Welcome to the world of digital authoritarianism, where digital harassment, surveillance and disinformation are used in an attempt to control human behaviour. Digital authoritarianism is the “use of digital information technology by authoritarian regimes to surveil, repress, and manipulate domestic and foreign populations”.
It includes a wide gamut of repressive techniques, including “surveillance, censorship, social manipulation and harassment, cyber-attacks, internet shutdowns, and targeted persecution against online users”. An increasingly worrying component of social media manipulation is disinformation and misinformation; terms often used interchangeably to describe attempts to manipulate public opinion or give the illusion of public support for specific issues.
Although this book deals with multiple aspects of digital authoritarianism, its primary focus is on disinformation and deception through social media.

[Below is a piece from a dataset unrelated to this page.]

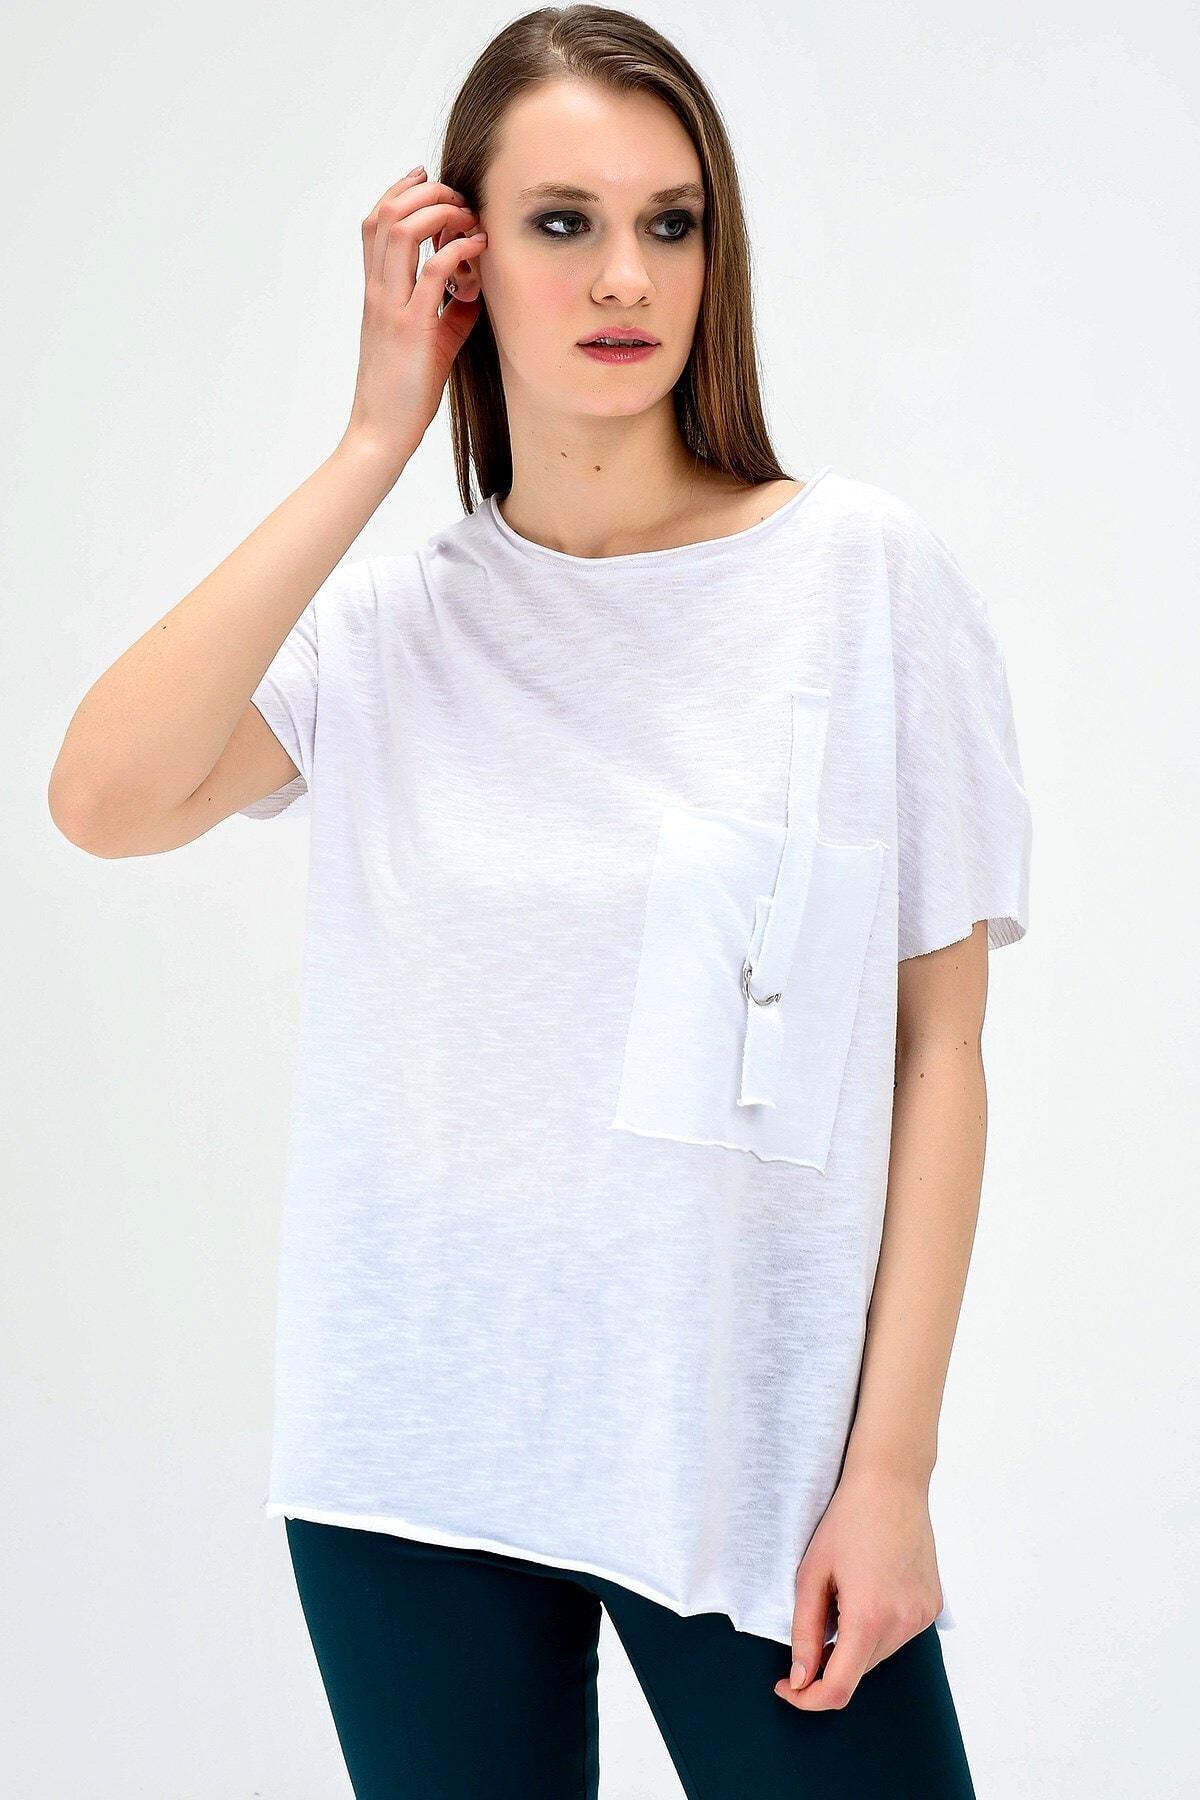 Jument Lycrasız Geniş Sıfır Yaka Düşük Omuzlu Cepli Bluz 1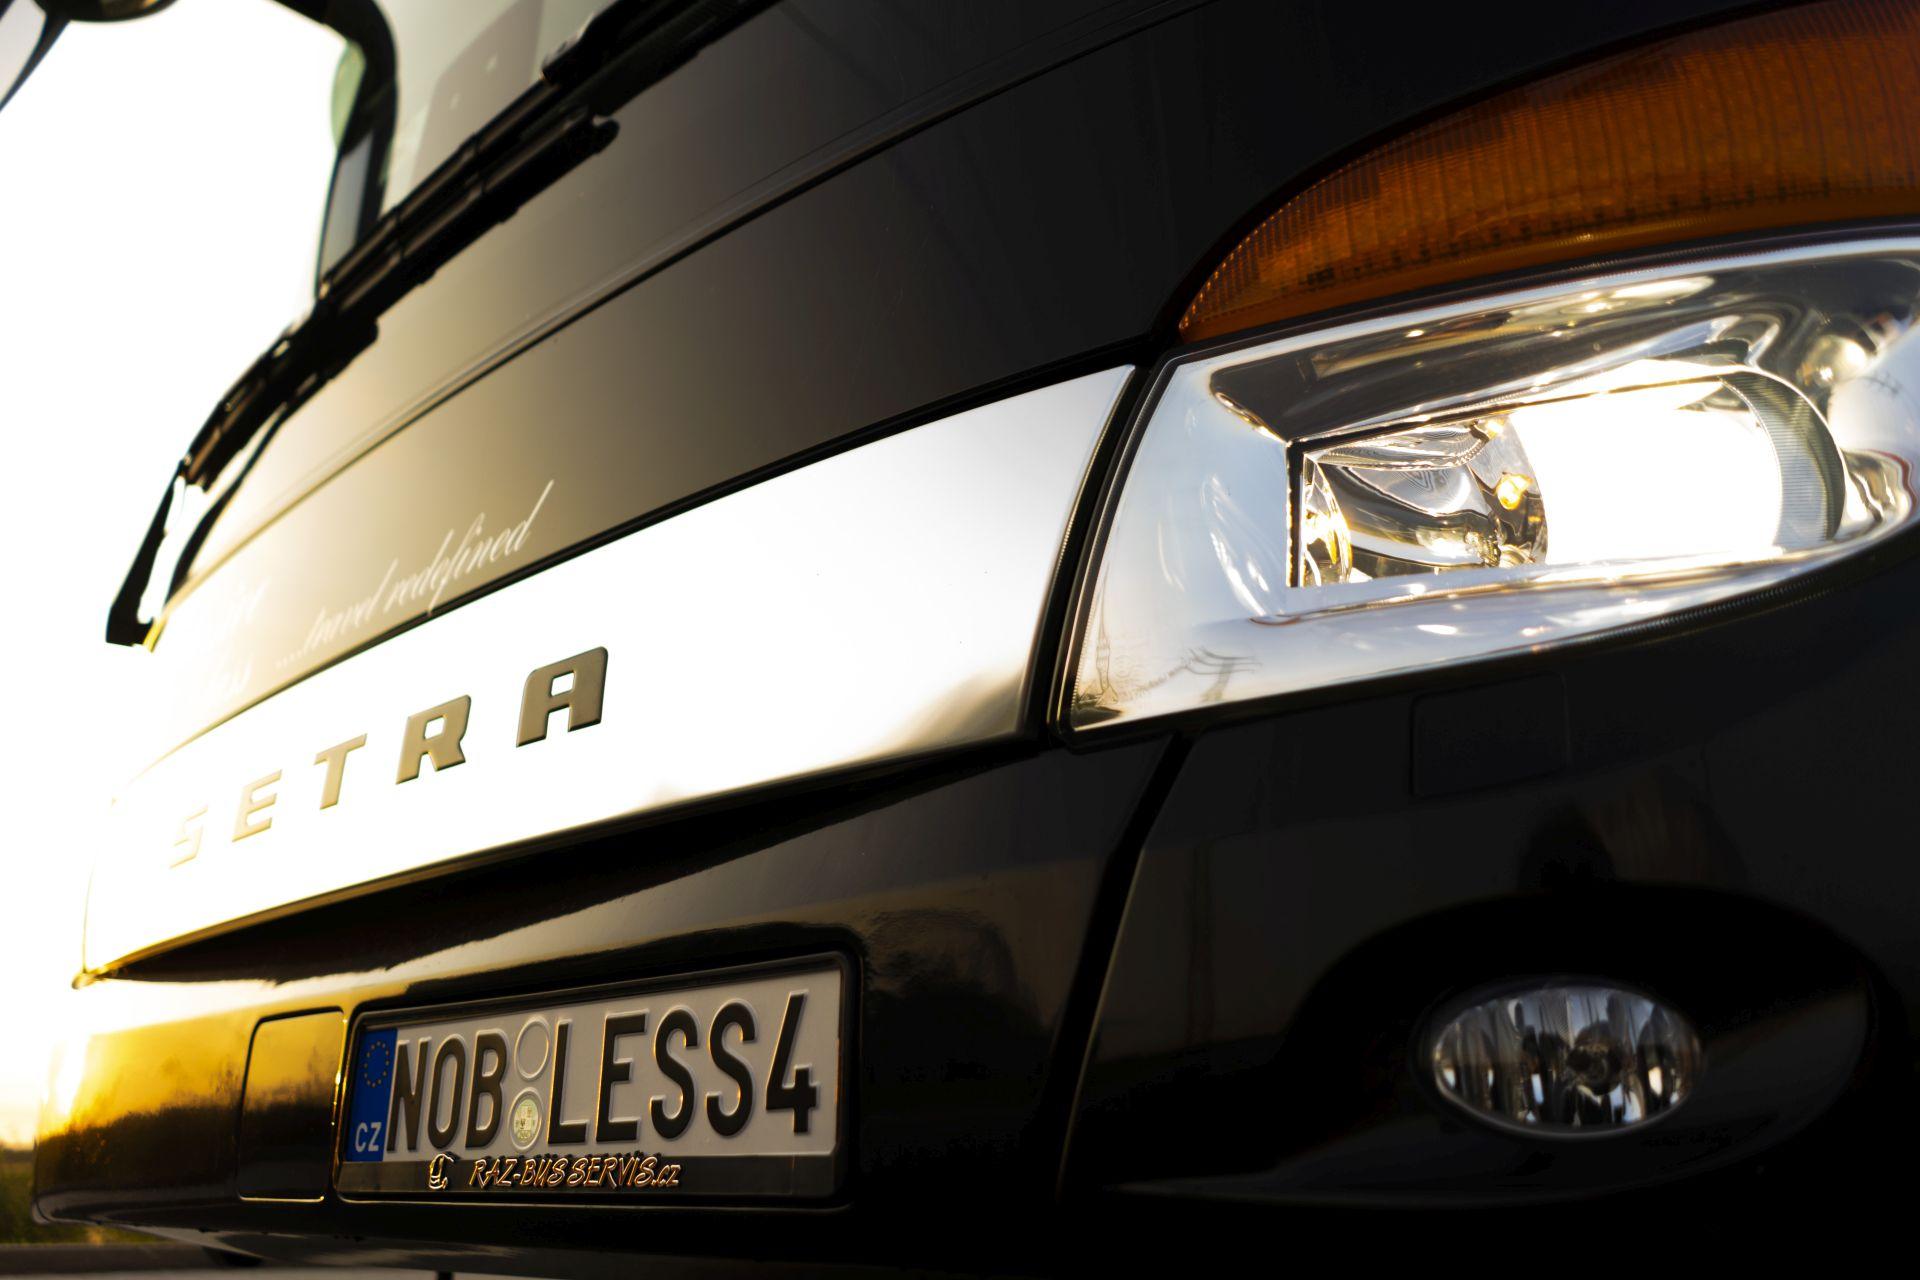 Autobus Setra společnosti Nobless Line pro linku do Švýcarska. Foto: Nobless Line

Fundamentally, it asks how governments and other non-state actors use social media and digital technology to deceive and control citizens living in the MENA region, and more specifically, the Gulf region.
Disinformation and fake news
From Washington, DC in the United States to Riyadh in Saudi Arabia, disinformation and what is sometimes termed “fake news” is a global problem. It is part of what Claire Wardle describes as a growing “information disorder”. Since 2008, academic attention across disciplines, but especially psychology and communications, has been directed at understanding the purpose of disinformation.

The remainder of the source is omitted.